Jak wysoka jest ta ostateczna wysokość strat podana w raporcie? Czy ona może się jeszcze zmienić?
Na pewno, może dojść inflacja, niewykluczone, że do części związanych z poszczególnymi segmentami można się jeszcze będzie pochylić, przeliczyć, ale jeżeli byłoby to przeszacowywane po raz kolejny, to na pewno ta kwota jeszcze się zwiększy.
Pojawił się też temat odszkodowań od Rosjan. Co w tym wypadku musi się zdarzyć, by o nie wystąpić?
Jest to bardziej skomplikowana sytuacja, gdyż Rosja nie jest państwem demokratycznym. Jeżeli Rosja będzie państwem demokratycznym, wówczas należy podjąć rozmowy. Natomiast na dziś, mając też na względzie konflikt na Ukrainie, jest to w tej chwili niemożliwe.
Jak pan przewiduje najbliższą kampanię wyborczą? Inflacja, wojna, kryzys energetyczny, temat reparacji...
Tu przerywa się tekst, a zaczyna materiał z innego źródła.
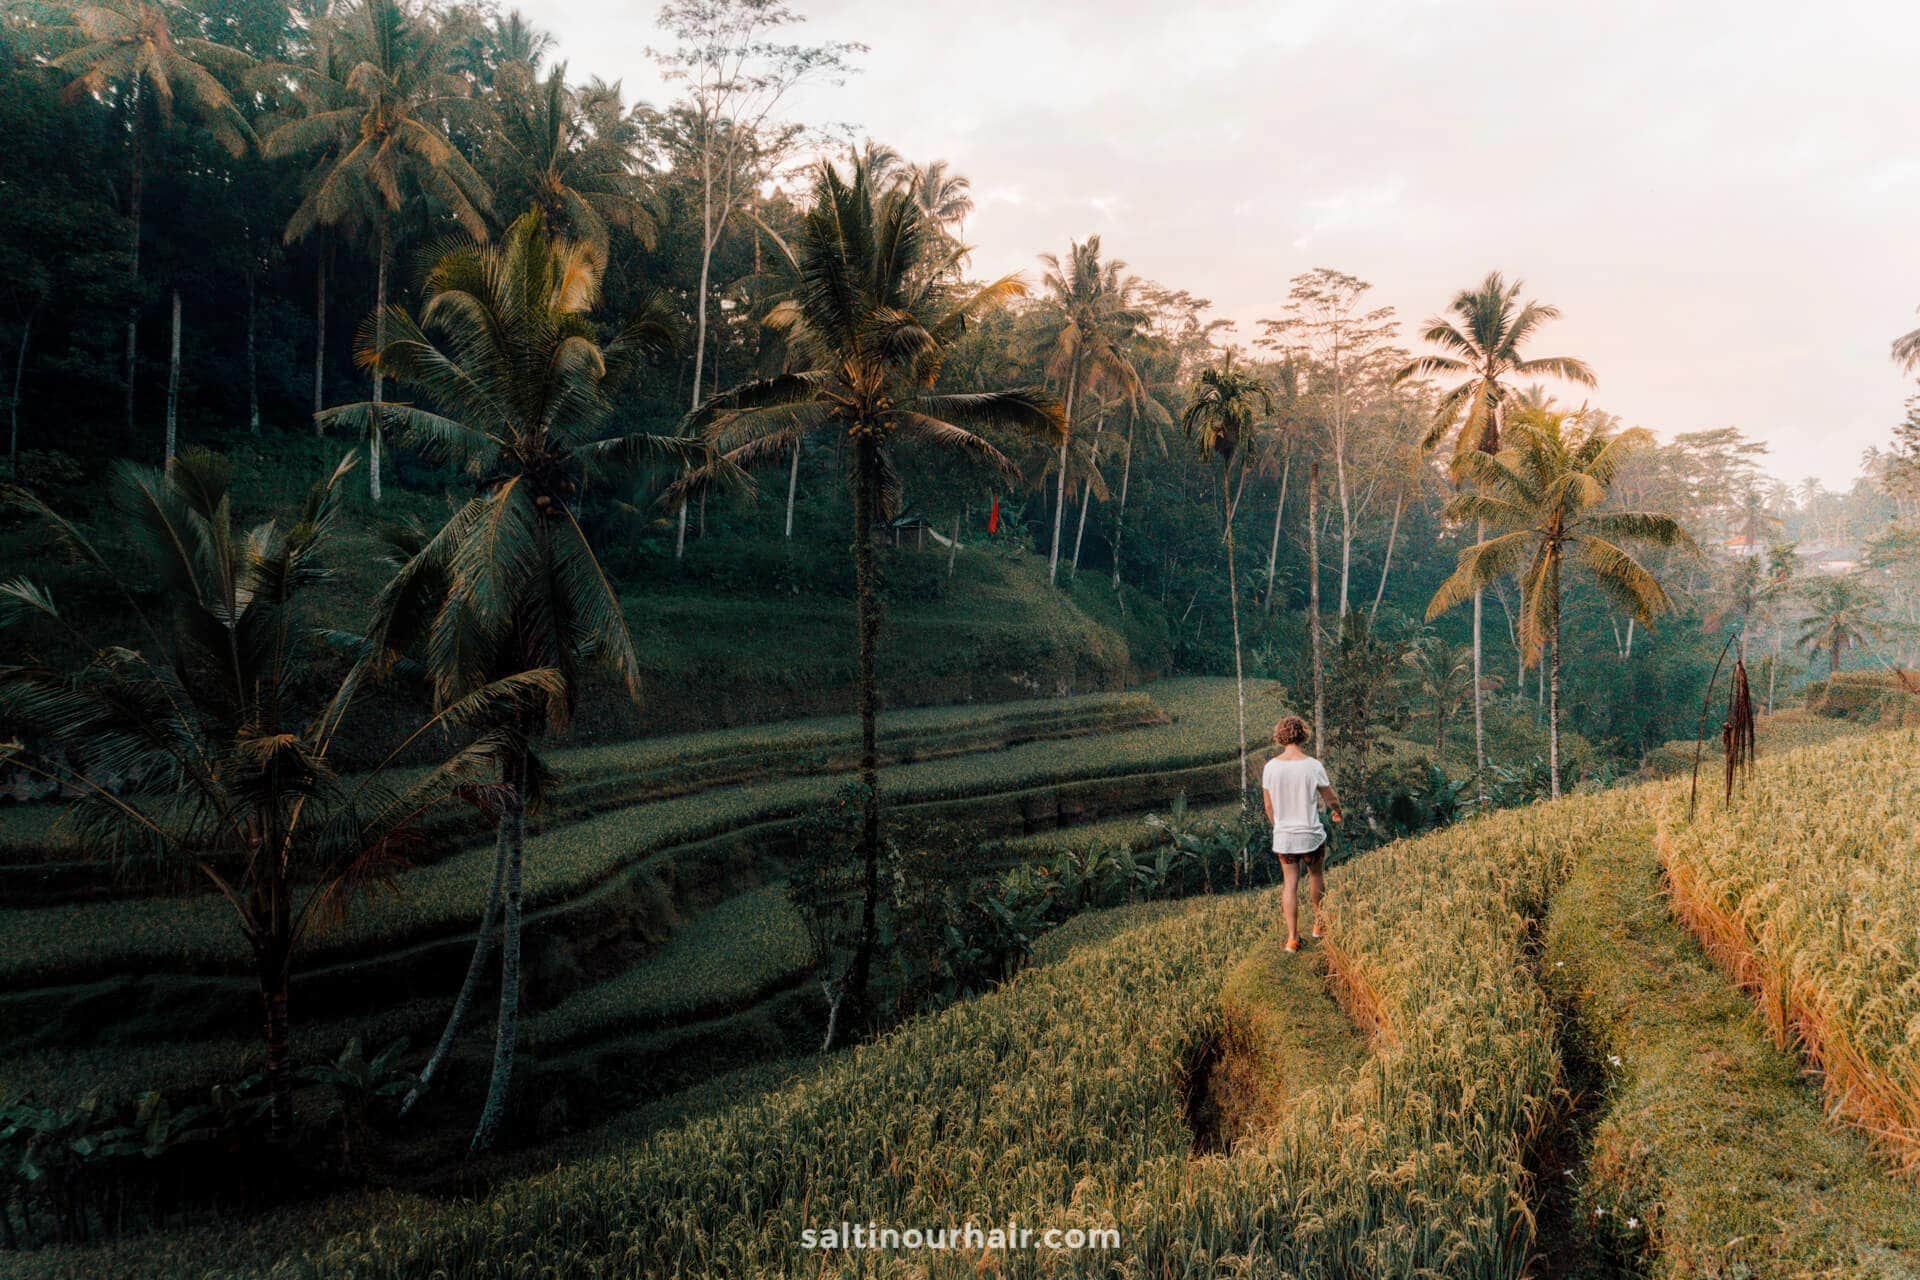  Tegalalang  Rice Terraces around Ubud  in Bali The

Tak, to będzie za rok. Natomiast tu nie chodzi o kampanię wyborczą, bo państwo polskie, rząd, poszczególne jego organy, muszą realizować ustawy, programy dla Polaków. Borykaliśmy się jako państwo z kryzysem zdrowotnym, jest inflacja, jest konflikt ukraiński, bardzo wysokie ceny wszystkich wodorów, co w konsekwencji może pokazywać ceny paliw, gazu, energii elektrycznej, węgla, ale myślę, że wraz z uporaniem się z konfliktem ukraińskim, ceny związane z tymi kosztami wodorów się obniżą. Natomiast tu sprawy bieżące będą decydować. Wiadomą rzeczą jest, że wzrasta średnie wynagrodzenie, najniższe wynagrodzenia będą podnoszone, rząd przyjmuje szereg dobrych ustaw, dobrych programów. W szczególności chcę podziękować polskim rolnikom, bo ten trudny czas COVID-u, jak również ten czas zabezpieczenia bezpieczeństwa żywnościowego wynikającego też z konfliktu na Ukrainie bardzo ważną rolę odegrała polska wieś, polscy rolnicy i tutaj chcę podziękować polskim rolnikom w szczególności w województwie podlaskim za ich pracę, trud, za dbanie o bezpieczeństwo żywnościowe Polski i Polaków.
I oby udało nam się opanować jeszcze inflację. Dziękuję bardzo za rozmowę.